If she was making an argument that for instance, a large amount of sexual assault occurs in the context of immigration enforcement and therefore looking at immigration law would have more impact on women's safety than worrying about university students, that would be a coherent position that could be discussed. But instead her arguments become so detached from reality that she can't come up with any practical solutions and floats off into talking about everyone sitting down together and persuading people to make a good apology.

OP’s posts: |
Daca Tue 09-Feb-21 12:03:23

mintkoala - don't do yourself down, you're exactly right. Phipps takes a historical situation in another country and turns it into a universal law. It's highly irresponsible.

Winesalot Tue 09-Feb-21 12:07:28

The whole community justice thing where you sit in a room with your rapist and tell them how much it upset you would really work on John Warboys wouldn’t it.. I am sure that they would find it very arousing of their sensibilities... or something.

ArabellaScott Tue 09-Feb-21 12:11:18

Re the 'punishment' thing - I'm not in the slightest interested in punishment. I just want violent, predatory, dangerous men off the streets and somewhere they can't continue to rape, assault and murder women.

*There is also a difference between punishment and accountability. Punishment is a passive and impersonal process – the person who has been harmed hands over their power and is kept in the dark (although nevertheless it requires a huge amount of courage and work). Accountability, in contrast, is both personal and active. For Mia Mingus, accountability requires four steps from someone who has caused harm: self-reflection, apology, repair, and changed behaviour. It centres the person who has been harmed, their understanding of why the behaviour was harmful and their definition of what constitutes repair. It makes space for that repair, acknowledging that none of us is above causing harm and we may all need that space someday. It is the job of the perpetrator and not the survivor, and requires significant community input and support.

I'm also not that stirred about their recovery and healing process and not inclined to spend much of my emotional energy on offering offenders 'input and support'. I'd rather fight for the safety of victims and put energy into their healing - because god fucking knows they need 'community input and support'.

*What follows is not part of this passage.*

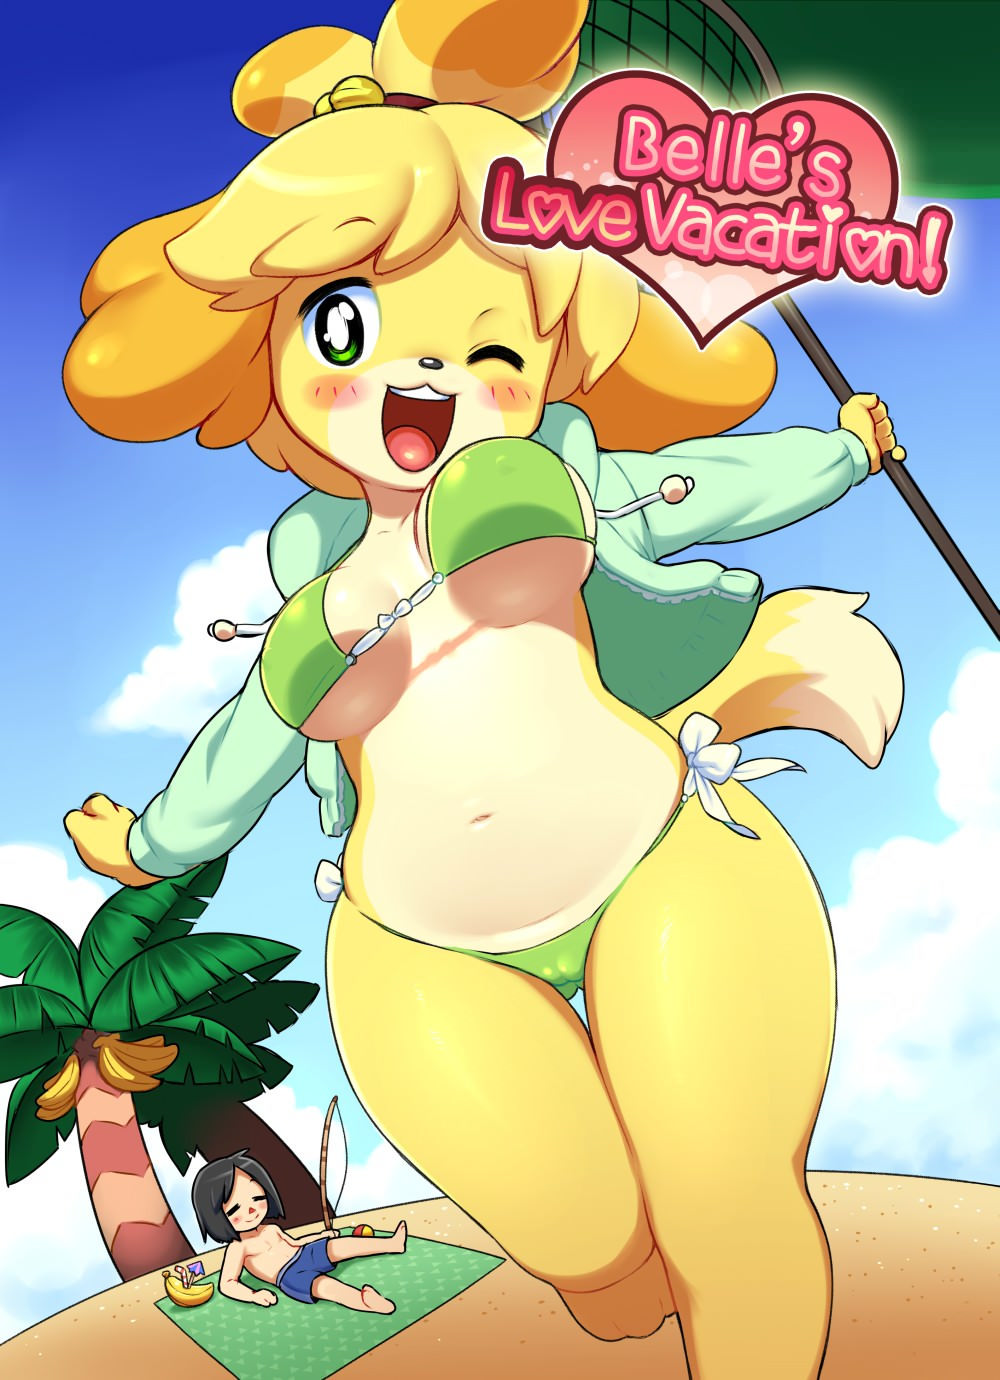 Belle's love vacation

Maybe elsewhere in the text Phipps is centring victims/survivors? Hope so.

Winesalot Tue 09-Feb-21 12:13:31

mintkoala

She seems to makes a habit of making her work hard to follow like Butler does from the little I have read. And yes, to start with those steps were unsurprising nor controversial.

You have got it though, her arguments are detached and any point she might make that is relevant, if there was one, is lost.